Why frameworks are becoming the dividing line
The organisations that come through incidents strongest are those that put the structure in place long before anything goes wrong, with frameworks like ISO 27001 forcingorganisations to think about risk in a systematic way. They require clear ownership, defined controls and ongoing review, not just a one-off effort, creating a baseline that can be evidenced. That distinction is becoming critical.
Businesses are now expected to prove that they take security seriously, whether that’s to a regulator, customer or investor. Without that proof, organisations are finding themselves on the back foot before an incident even occurs.
We’re also seeing this reinforced through frameworks like CAF and emerging standards around AI governance, where the expectation is demonstrable, auditable resilience.

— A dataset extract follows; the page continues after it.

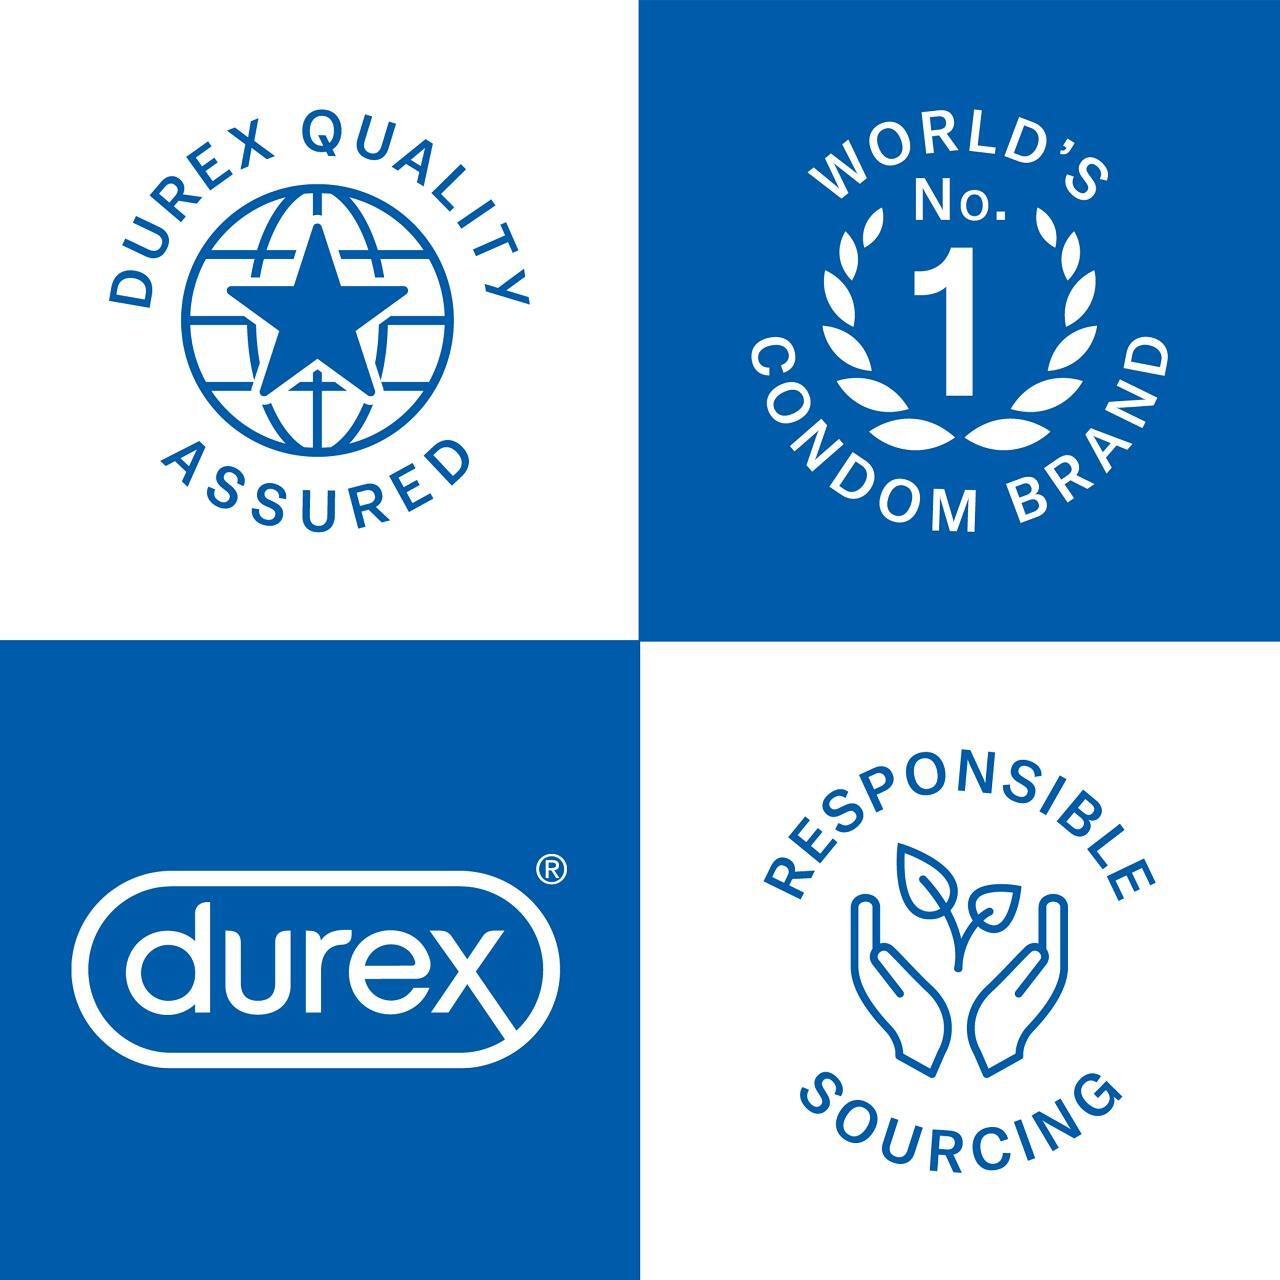 Durex Extra Safe Thick 12 Condoms 12 per pack

The commercial reality of poor compliance
There’s still a tendency in some organisations to treat compliance as something to be dealt with later or once growth is established, but investors wouldn’t accept weak financial controls in a business and they’re increasingly applying the same logic to cybersecurity and compliance.
Organisations with strong compliance frameworks are finding it easier to win new business, particularly in sectors where data security is critical, which opens doors to new markets and supply chains. On the other hand, those that delay are starting to feel the effect, with more questions, more friction and in some cases, missed opportunities.
A more realistic view of organisational risk
The idea that some regions are ‘more at risk’ can be misleading if it’s taken at face value, because geography isn’t the root cause. What we’re really seeing is variation in how organisations approach governance, risk and compliance.
Regions with higher exposure are often home to businesses that are earlier in their maturity journey or operating in sectors where the pace of change has outstripped the controls around it. That’s important, because it means the gap is addressable.
What leadership teams should take from this
The starting point is visibility, knowing where your risks sit and how they could materialise. What follows is the discipline to put structure around them, whether that’s through recognised frameworks, clearer ownership or more consistent oversight.
Organisations that manage incidents well have a level of preparedness that comes from having thought these scenarios through in advance. That preparation shows up in how quickly decisions are made, how clearly responsibilities are defined and how confidently the business can respond under pressure.
Compliance sits at the centre of that, as a way of bringing consistency, accountability and proof into how the organisation operates. The ability to evidence good practice is becoming just as important as the controls themselves.
Cyber risk may be a national conversation, but its impact is always local to the organisation experiencing it. Leadership teams that recognise that, and act early, are the ones who keep control when others are trying to regain it.